Cache invalidation
A cached value is a copy of data that changes at its source. Cache invalidation is how a stale copy stops being served. The hard part is timing: hold a value too long and reads go stale, drop it too early and you lose the hit ratio the cache exists to provide. Every invalidation strategy sets a position on that line.
TTL bounds staleness by time
The simplest strategy attaches a time to live (TTL) to each entry and treats the entry as expired once its age passes the TTL. HTTP caching formalizes this as freshness: a stored response stays fresh while its age stays under its freshness lifetime, set by the max-age directive (RFC 9111). TTL trades precision for simplicity. You serve stale data through the window between a source change and the next expiry, and in exchange you track no per-key change events. A short TTL shrinks the stale window and cuts the hit ratio, since more reads land after expiry. The TTL is the dial between those two.

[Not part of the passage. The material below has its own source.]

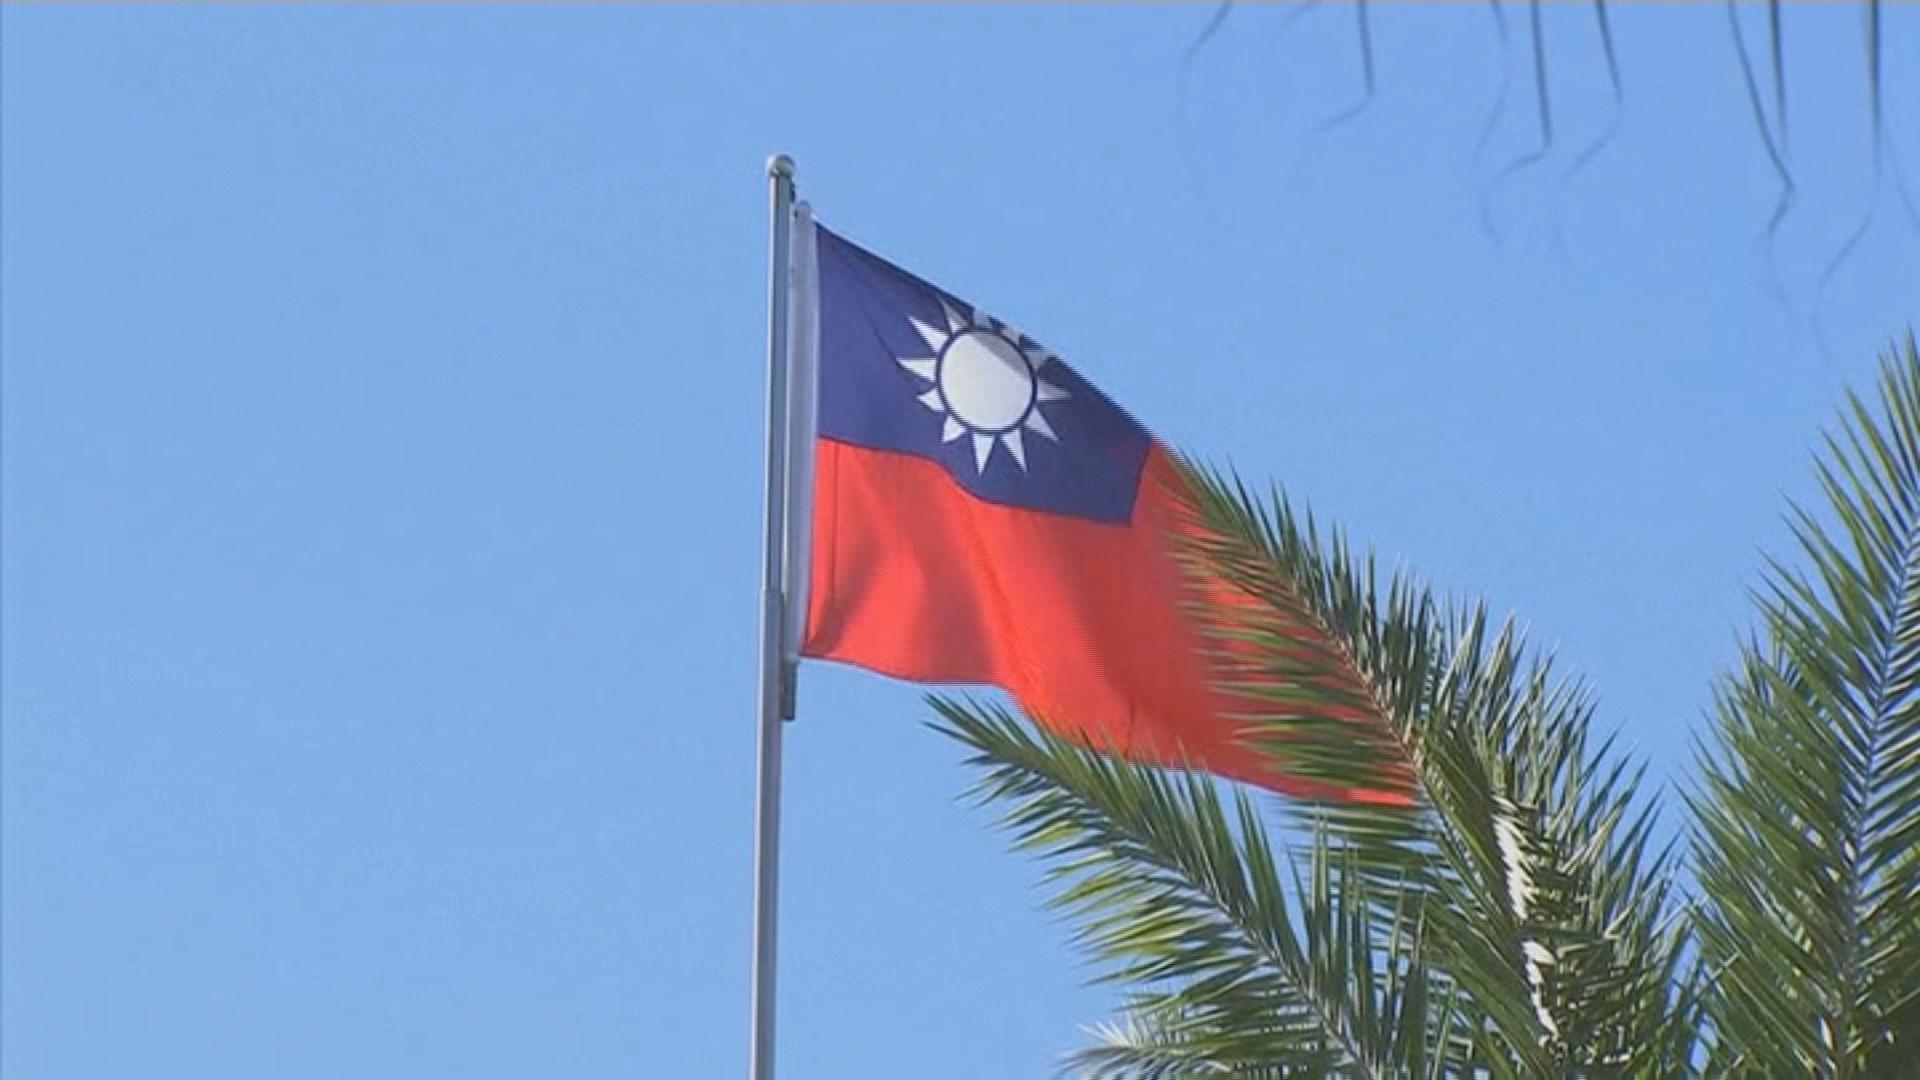 대만 환태평양동반자협정 가입 신청…중국과 긴장 고조될 듯

Explicit invalidation targets the change
When staleness carries a real cost, you invalidate on the write instead of waiting for a timer. Cache-aside does this by deleting the key after updating the database, so the next read reloads it (Microsoft's cache-aside reference). The order matters: update the store first, then invalidate the cache. Invalidate first, and a concurrent read reloads the old value before the store changes, leaving a stale entry behind (Microsoft). Explicit invalidation is precise and event-driven, and it costs you a path from every write to every cache that holds the key, which gets harder as caches multiply across machines.
A hot key's expiry triggers a stampede
Expiry has a failure mode that surfaces under load. When a popular key expires, every concurrent request misses at the same moment, and every one of them queries the database. This is a cache stampede, also called a thundering herd, and a single hot key turns into thousands of duplicate queries in the window before the cache refills. Three mitigations attack it from different sides:
- Single-flight. Let one request recompute the value while the others wait for the refill. Facebook's memcache does this with leases, a token a client receives on a miss and presents when it sets the value, so one client repopulates a hot key while the rest hold (Nishtala et al.).
- Stale-while-revalidate. Serve the expired value right away and refresh it in the background, so no request blocks on the recompute. HTTP defines this as the
stale-while-revalidatedirective (RFC 5861). - Probabilistic early expiration. Have each read recompute the value slightly before the TTL, with a probability that climbs as expiry nears, so refreshes spread across time instead of firing together. Vattani, Chierichetti, and Lowenstein give an optimal form of this scheme (Optimal Probabilistic Cache Stampede Prevention).
Adding random jitter to TTLs handles the related case where many keys loaded together expire together. A spread of a few percent desynchronizes their expiry.
Choosing an invalidation strategy
Start with a TTL sized to the staleness your readers tolerate, since it needs no write-path wiring and bounds how wrong a read gets. Add explicit invalidation on top when specific data has to reflect a write quickly, like a price or a permission. Reach for stampede protection once a single key gets hot enough that its expiry spikes the database. The freshness you promise is a consistency choice, the same one PACELC frames for replicated data: serving a stale cached read trades consistency for latency, on purpose.